Is that safe? Possibly.  Is it wise?  no.

You can't test the error path in question here (because my fault_ttl
patches are still pending).  "Correctness" is almost exclusively by code
inspection.

Also realise that you've now split the helper between regular hypercall
context, and RCU context, and recall what happened when we finally
started asserting that memory couldn't be allocated in stop-machine context.

How certain are you that the safety is the same on earlier versions of
Xen?  What is the likelihood that all of these actions will remain safe
given future development?


Despite what is being claimed, the attempt to share cleanup logic is
introducing fragility and risk, not removing it.  This is a bugfix for
to a security fix issue which is totally dead on arrival; net safety,
especially in older versions of the Xen, is *the highest priority*.

These two different contexts don't share any common properties of how to
clean up the pool, save freeing the frames back to the memory
allocator.  In a proper design, this is the hint that they shouldn't
share logic either.


Given that you do expect someone to spend yet-more time&effort to undo
the short term hack currently being proposed, how do you envisage the
end result looking?

~Andrew

[1] Although the order of actions in p2m_teardown() for the common case
is poor.  The root pagetables should be cleaned and freed first so steps
1 and 2 of the list above are not repeated for every continuation.
Julien Grall Oct. 19, 2022, 10:33 p.m. UTC | #6
Hi Andrew,

On 19/10/2022 22:30, Andrew Cooper wrote:
> On 18/10/2022 00:01, Julien Grall wrote:
>>>> ... you are hardcoding both p2m_teardown() and p2m_set_allocation().
>>>> IMO this is not an improvement at all. It is just making the code more
>>>> complex than necessary and lack all the explanation on the assumptions.
>>>>
>>>> So while I am fine with your patch #1 (already reviewed it), there is
>>>> a better patch from Henry on the ML. So we should take his (rebased)
>>>> instead of yours.
>>>
>>> If by better, you mean something that still has errors, then sure.
>>>
>>> There's a really good reason why you cannot safely repurpose
>>> p2m_teardown().  It's written expecting a fully constructed domain -
>>> which is fine because that's how it is used.  It doesn't cope safely
>>> with an partially constructed domain.
>>
>> It is not 100% clear what is the issue you are referring to as the
>> VMID is valid at this point. So what part would be wrong?
> 
> Falling over a bad root pointer from an early construction exit.

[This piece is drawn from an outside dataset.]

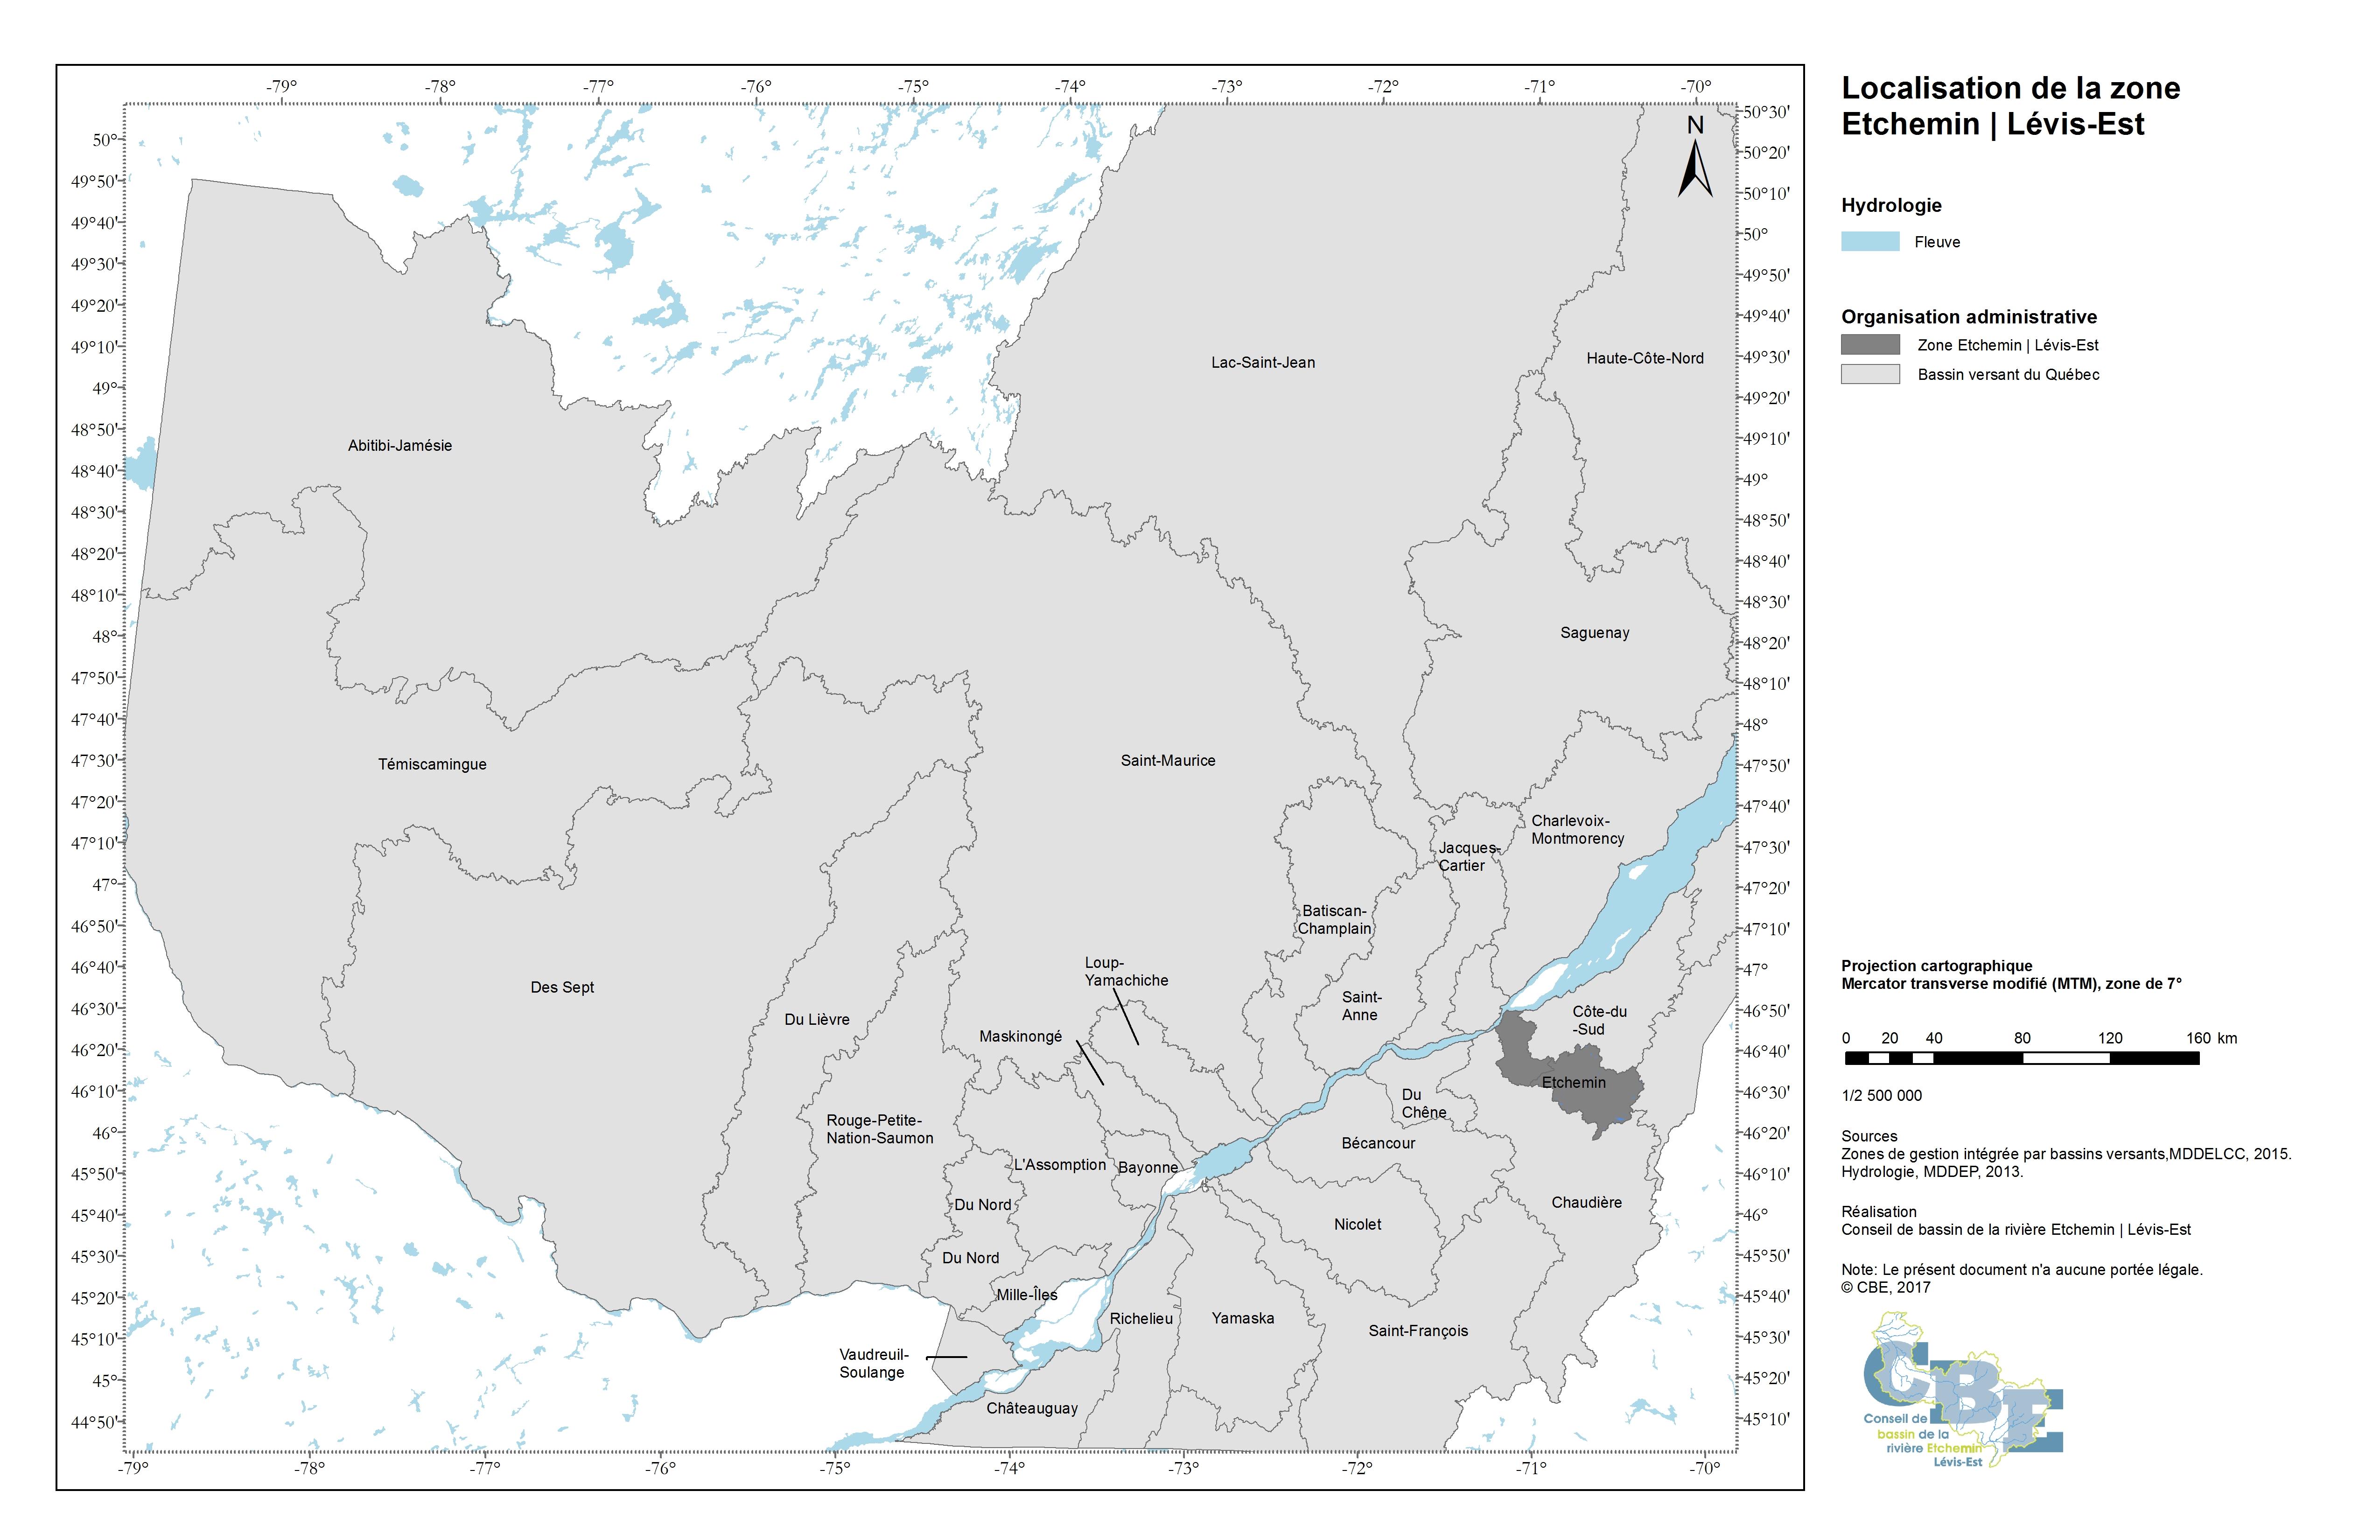 Localisation de la zone Etchemin | Lévis-Est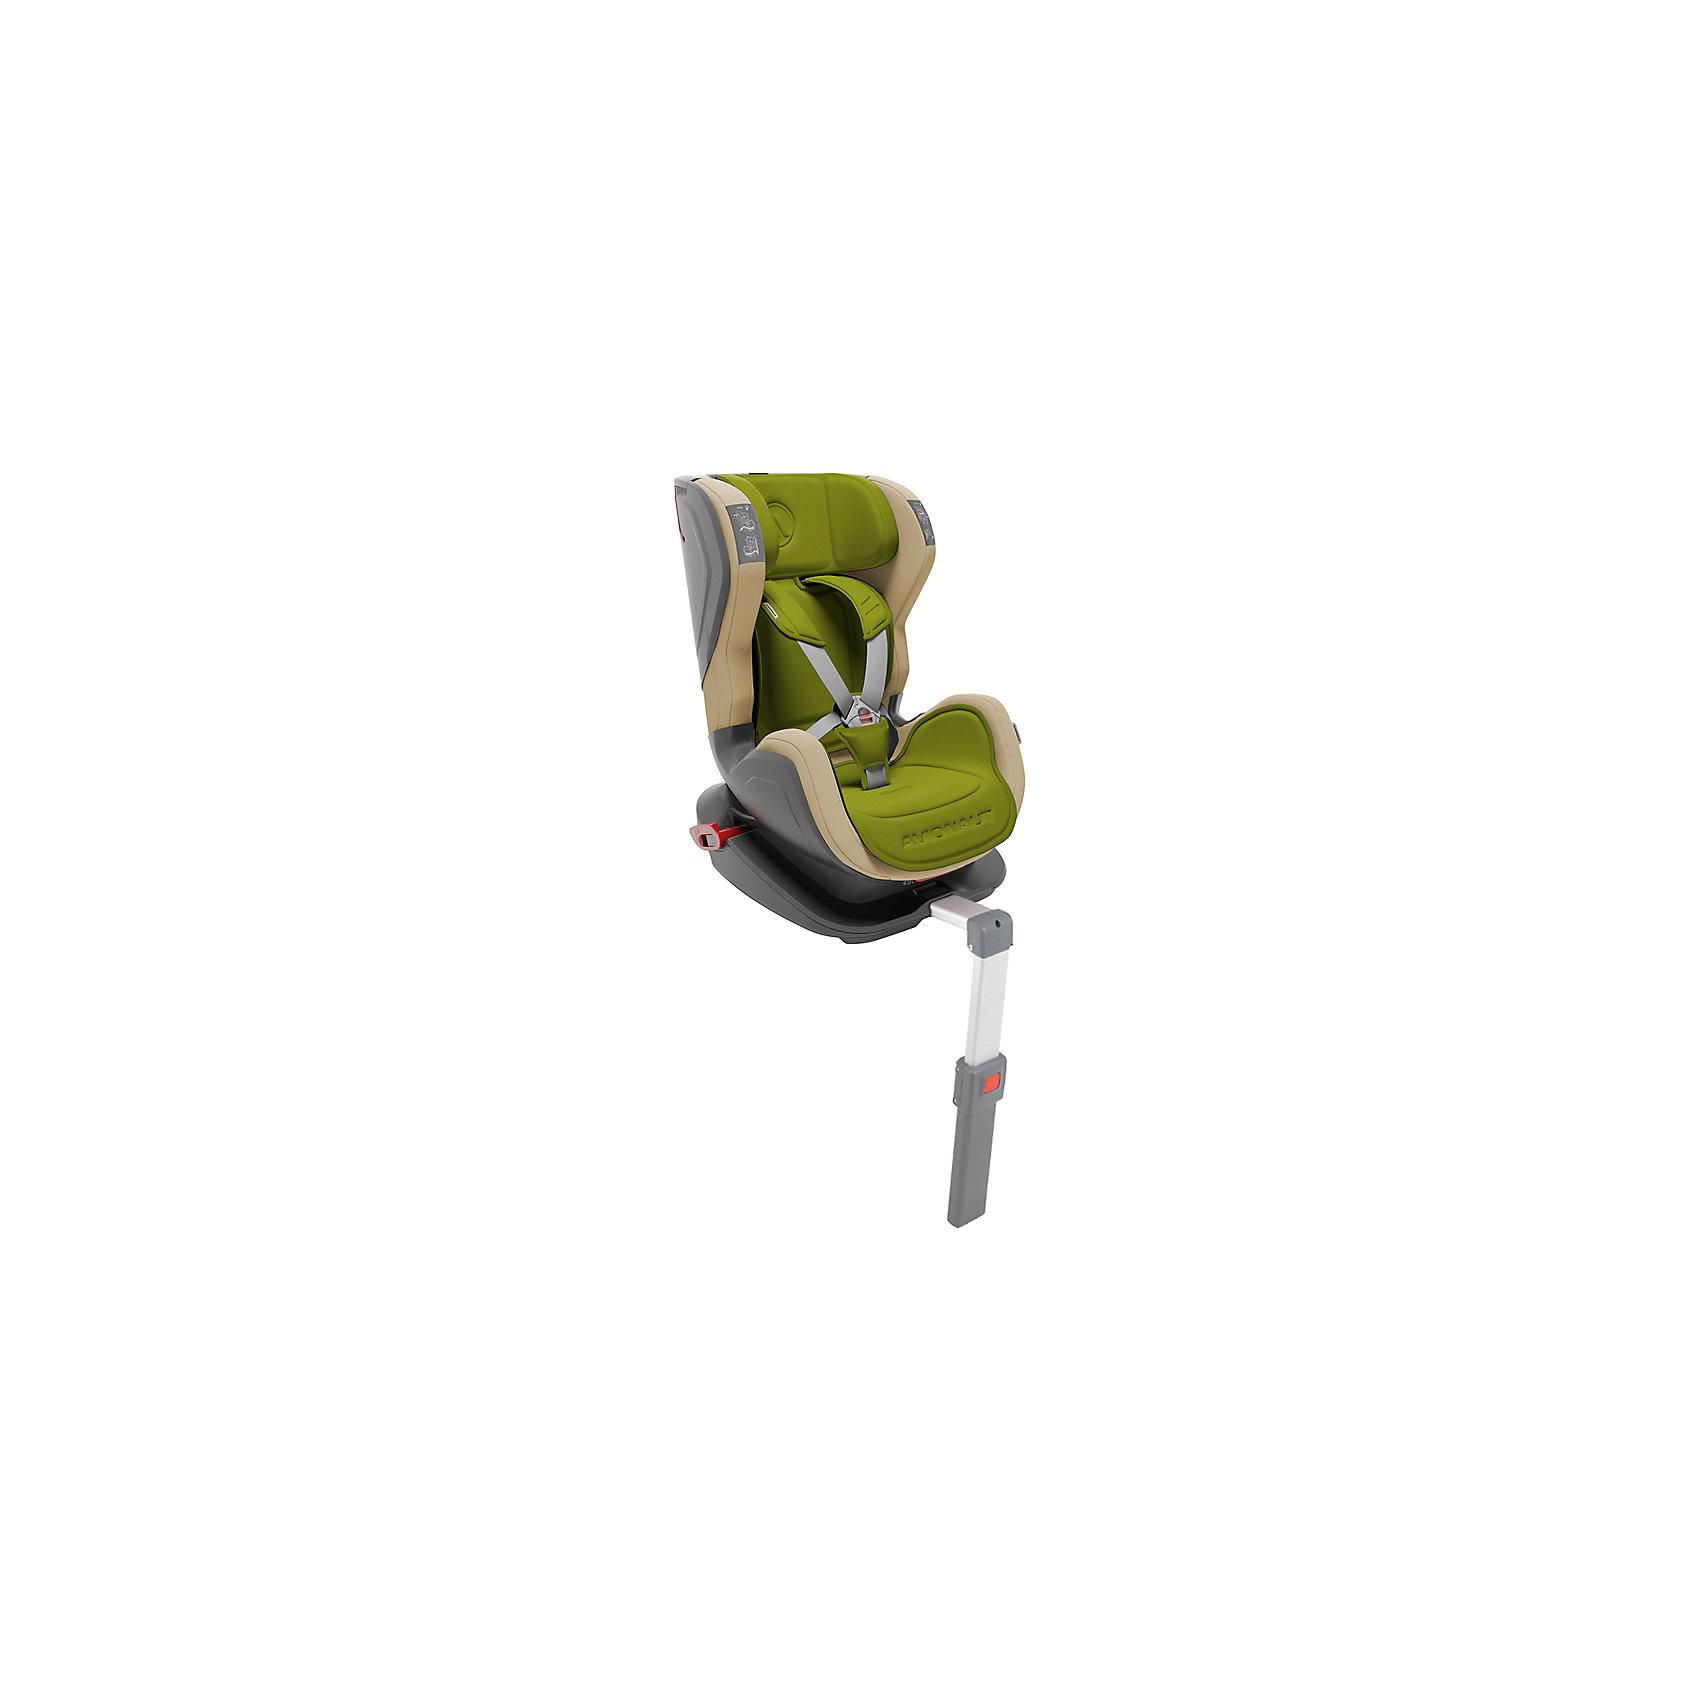 Автокресло GLIDER isofix 9-25 кг, Avionaut, оливковый/бежевыйАвтокресло выделяется ярким дизайном, а так же высоким уровнем комфорта и безопасности, что самое важное для малыша! Удобный регулируемый подголовник выполнен из пенопропилена -  это экологически безопасный материал, оказывающий амортизирующее и энергогасящее действие. Наклон легко регулируется с помощью специального красного рычага. Боковые крылья и высокие подлокотники обеспечивают надежную защиту тела и головы малыша от ударов сбоку. Чехол детского автокресла с легкостью можно снять для стирки, так же, при желании цветную вставку можно снять и заменить на другую.<br><br>Характеристики:<br>- Группа: 1-2 ( от 9 до 25кг).<br>- 5-ти точечная система ремней безопасности.<br>- Усиленные боковины для большей безопасности.<br>- Регулируемый угол наклона сиденья.<br>- Аварийные натяжители ремней безопасности для лучшей стабилизации сиденья в автомобиле.<br>- Съемные чехлы на сиденье.<br>- Регулируемая высота подголовника.<br>- Легко крепится в салоне автомобиля.<br>- Съемные вкладыши - позволяют изменить цвет автокресла.<br>- Вид крепления: система IZOFIX.<br>- Способ установки: на заднем сиденье лицом по ходу движения.<br>- Вид крепления: штатным ремнем автомобиля или Isofix.<br><br>Дополнительная информация:<br><br>- Возраст: от 9 месяцев до 7 лет.<br>- Материал: пластик, текстиль.<br>- Цвет: оливковый/бежевый.<br>- Размер упаковки: 44x66x53 см.<br>- Вес в упаковке: 12.5 кг.<br><br>Купить автокресло GLIDER Avionaut ISOFIX в цвете оливковый/бежевый, можно в нашем магазине.<br><br>Ширина мм: 440<br>Глубина мм: 660<br>Высота мм: 530<br>Вес г: 12500<br>Возраст от месяцев: 12<br>Возраст до месяцев: 84<br>Пол: Унисекс<br>Возраст: Детский<br>SKU: 4828297

You have been mentioning that several time now but I can't see how this
can happen. If you look at Henry's second patch, p2m_teardown() starts
with the following check:
if ( page_list_empty(&p2m->pages) )
    return;

Per the logic in p2m_init(), the root pages have to be allocated (note 
they are *not* allocated from the P2M pool) and the VMID as well before 
any pages could be added in the list.

> 
>> But if there are part of p2m_teardown() that are not safe for
>> partially constructed domain, then we should split the code. This
>> would be much better that the duplication you are proposing.
> 
> You have two totally different contexts with different safety
> requirements.  c/s 55914f7fc9 is a reasonably good and clean separation
> between preemptible and non-preemptible cleanup[1].

The part you mention in [1] was decided to be delayed post 4.17 for 
development cycle reasons.

> 
> You've agreed that the introduction of the non-preemptible path to the
> preemptible path is a hack and layering violation, and will need undoing
> later.  Others have raised this concern too.

[...]

> 
> Also realise that you've now split the helper between regular hypercall
> context, and RCU context, and recall what happened when we finally
> started asserting that memory couldn't be allocated in stop-machine context.
> 
> How certain are you that the safety is the same on earlier versions of
> Xen?
I am pretty confident because the P2M code has not changed a lot.

> What is the likelihood that all of these actions will remain safe
> given future development?
Code always evolve and neither you (nor I) can claim that any work will 
stay safe forever. In your patch proposal, then the risk is a bug could 
be duplicated.

> 
> 
> Despite what is being claimed, the attempt to share cleanup logic is
> introducing fragility and risk, not removing it.

I find interesting you are saying that... If we were going to move 
p2m_teardown() in domain_teardown() then we would end up to share the code.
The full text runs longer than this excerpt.